Roux-en-Y gastric bypass (RYGB) surgery effectively prevents or treats type 2 diabetes (T2D). Adipose tissue (AT) mechanisms may be of importance.

To assess the relationship between early changes in whole-body and AT metabolism in surgically treated patients with T2D.

A randomized single-center study.

Nineteen patients with T2D with body mass index 30 to 45 kg/m².

Thirteen patients were assessed at baseline and 4 and 24 weeks after RYGB (preceded by a 4-week low-calorie diet) and compared with 6 control patients continuing standard medical treatment: oral glucose tolerance test, subcutaneous AT biopsies for gene expression, adipocyte size, glucose uptake, lipolysis, and insulin action.

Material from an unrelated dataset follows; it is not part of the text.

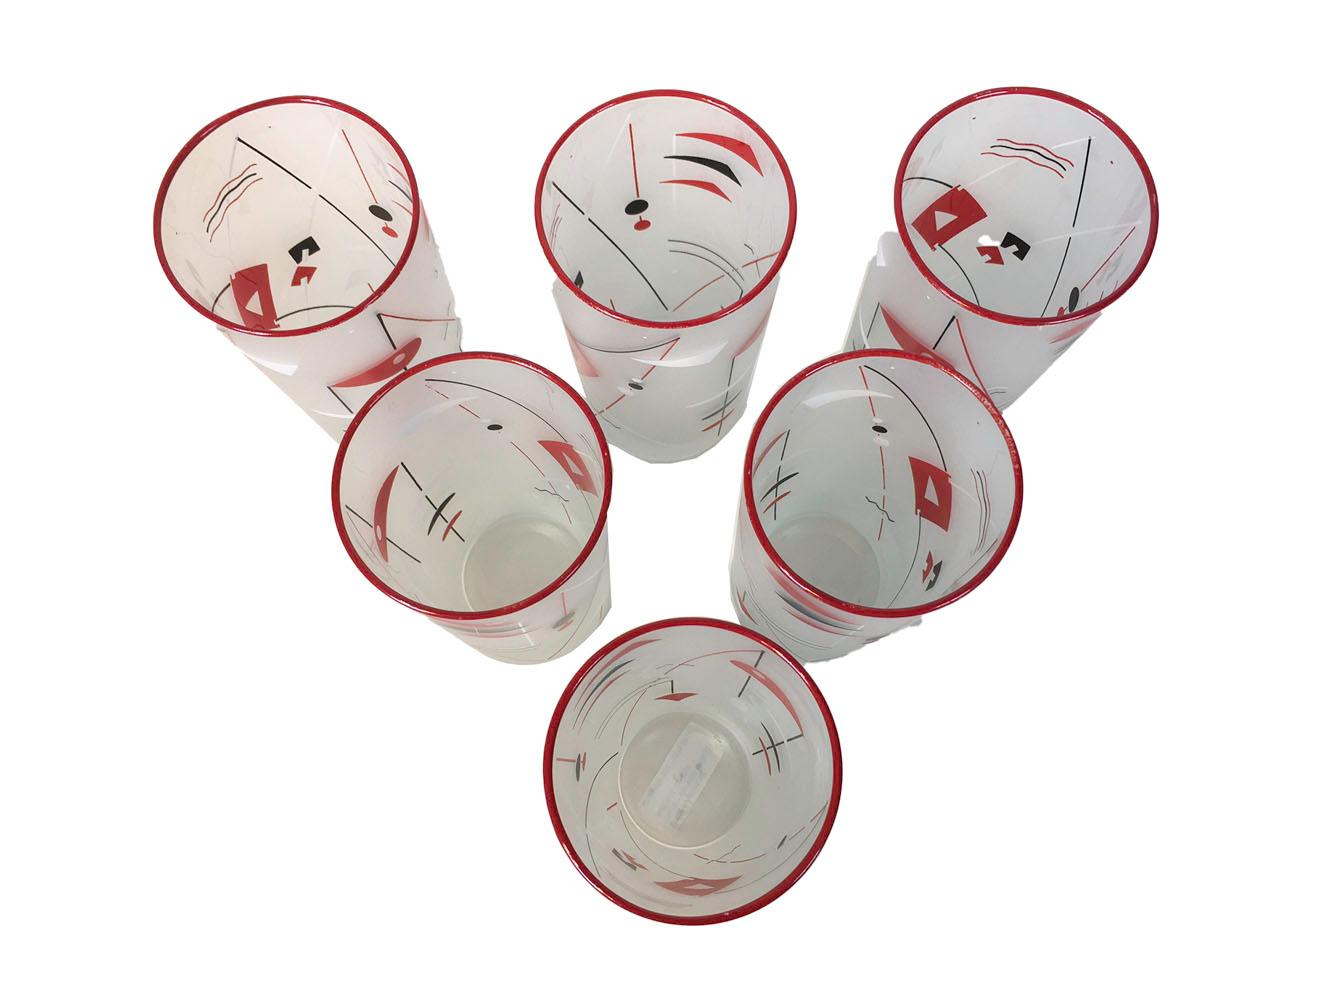 Rare, Libbey Glass Co. abstract atomic period bar glasses with black, red and white geometric shapes on a frosted ground and with a red enameled rim. All in excellent condition.

At 4 and 24 weeks post-RYGB, all patients but one had stopped diabetes medication. Fasting glucose, HbA_1c, and insulin levels decreased and the Matsuda index increased compared with baseline (P < 0.01 for all), indicating improved whole-body insulin sensitivity. Mean adipocyte size significantly reduced, more at 4 than at 24 weeks; at 4 weeks, glucose uptake per adipocyte was lowered, and isoproterenol-stimulated lipolysis tended to increase, whereas the fold insulin effects on glucose uptake and lipolysis were unchanged. Expression of genes involved in fatty acid oxidation, CPT1b and adiponectin, was increased at 4 weeks, whereas leptin and E2F1 (involved in cell proliferation) were reduced (P < 0.05 for all).

Glycemic control and in vivo insulin sensitivity improved 4 weeks after RYGB, but adipocyte insulin sensitivity did not change despite a marked reduction in adipocyte size. Thus, mechanisms for a rapid improvement of T2D after RYGB may occur mainly in other tissues than adipose.